En premier lieu, le choc carcéral subi par le requérant sera retenu comme critère d'aggravation du préjudice moral, du fait de sa première incarcération, de son jeune âge et des conditions indignes de détention constatées par le Contrôleur général des lieux de privation de liberté.
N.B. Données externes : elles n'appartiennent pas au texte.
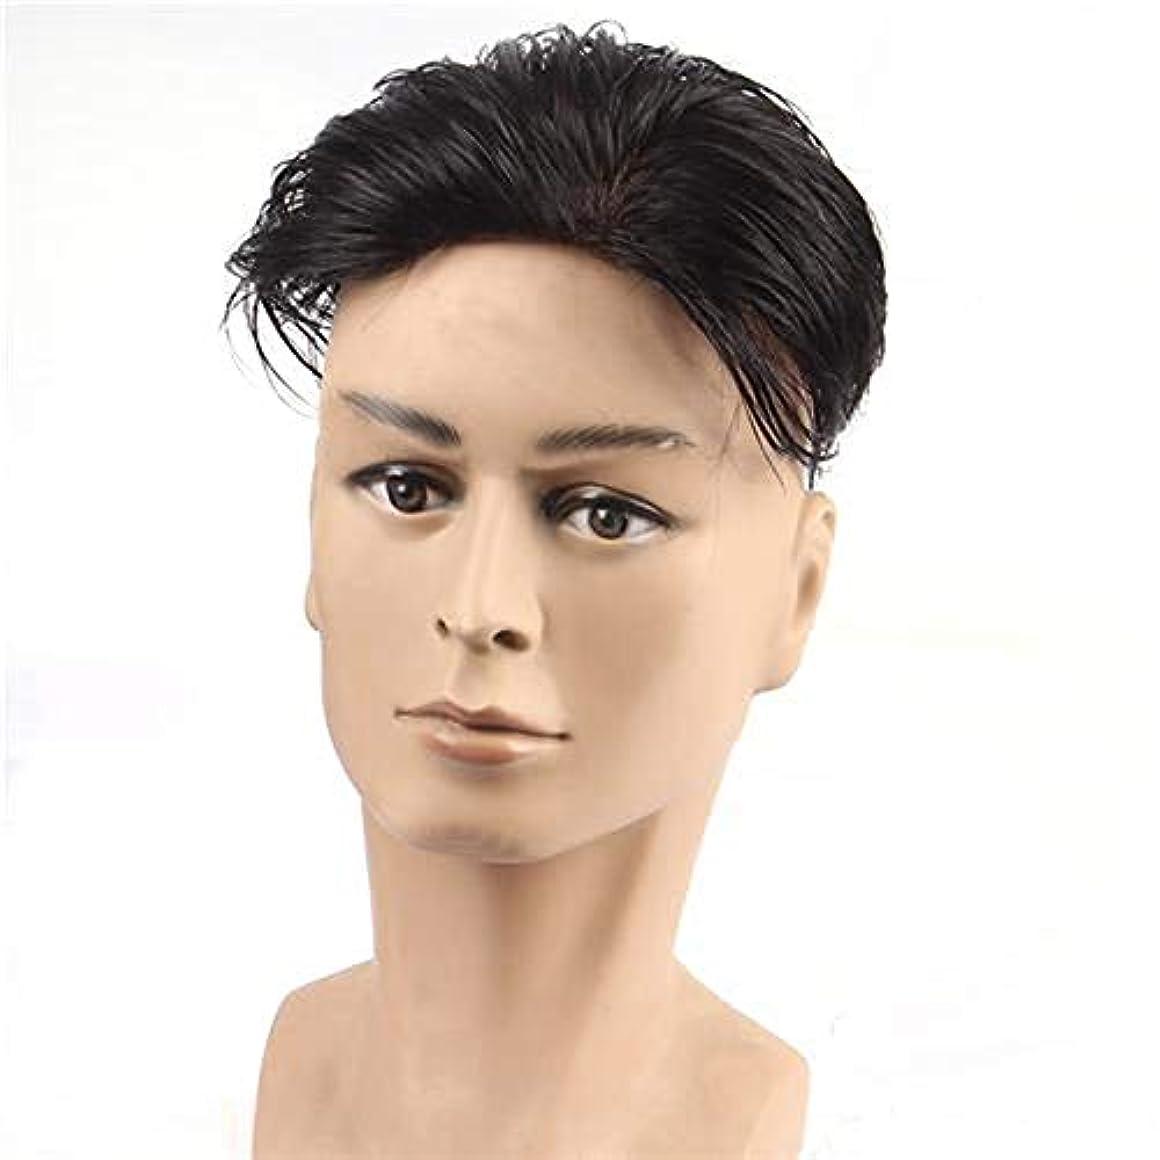 敬な盲目懺悔YOUQIU 黒人男性ガイショートレイヤーカーリー波状のアニメのコスプレパーティーの髪カツラウィッグ (色 : Natural black, サイズ : 18x20)

Sera également considéré comme un facteur d'aggravation du préjudice moral l'impossibilité pour le requérant d'effectuer son stage de fin d'années et d'intégrer le cursus souhaité à l'université d'[8]. L'incarcération a eu, indéniablement, des conséquences préjudiciables lourdes pour ce jeune homme qui a été privé d'une formation à l'étranger, qui lui ouvrait des possibilités de qualification et d'avenir professionnelles.
La somme de 40 000 euros paraît proportionnée eu égard à la période de détention injustifiée effectuée et de la prise en compte de deux facteurs d'aggravation du préjudice moral subi. Il convient donc d'allouer à Monsieur [P] [X] [B] le somme de 40 000 euros en réparation de son préjudice moral.
Sur le préjudice matériel :
Seules sont indemnisées les prestations directement liées à la privation de liberté dès lors qu'elles sont à la charge du requérant et à la condition qu'il fournisse une facture d'honoraires énumérant de façon détaillée les prestations effectuées pour obtenir sa libération, notamment les visites à l'établissement pénitentiaire, les diligences effectuées pour faire cesser la détention par des demandes de mise en liberté, ainsi que leur coût.
De plus, ce ne sont qu'au titre des frais de déplacement qu'elles génèrent pour se rendre à l'établissement pénitentiaire que les visites en détention peuvent être indemnisées.
En l'espèce, le requérant fournit deux notes d'honoraires correspondant à des prestations qui ne sont pas toutes liées à la privation de liberté. Il convient donc de distinguer sur ces deux notes ce qui est en lien exclusif avec la détention.
Ainsi, il apparait que la somme de 2 566 euros HT, soit 3 080 euros TTC correspond aux frais occasionnés par la détention provisoire exclusivement.
Ainsi, le requérant se verra allouer la somme de 3 080 euros TTC.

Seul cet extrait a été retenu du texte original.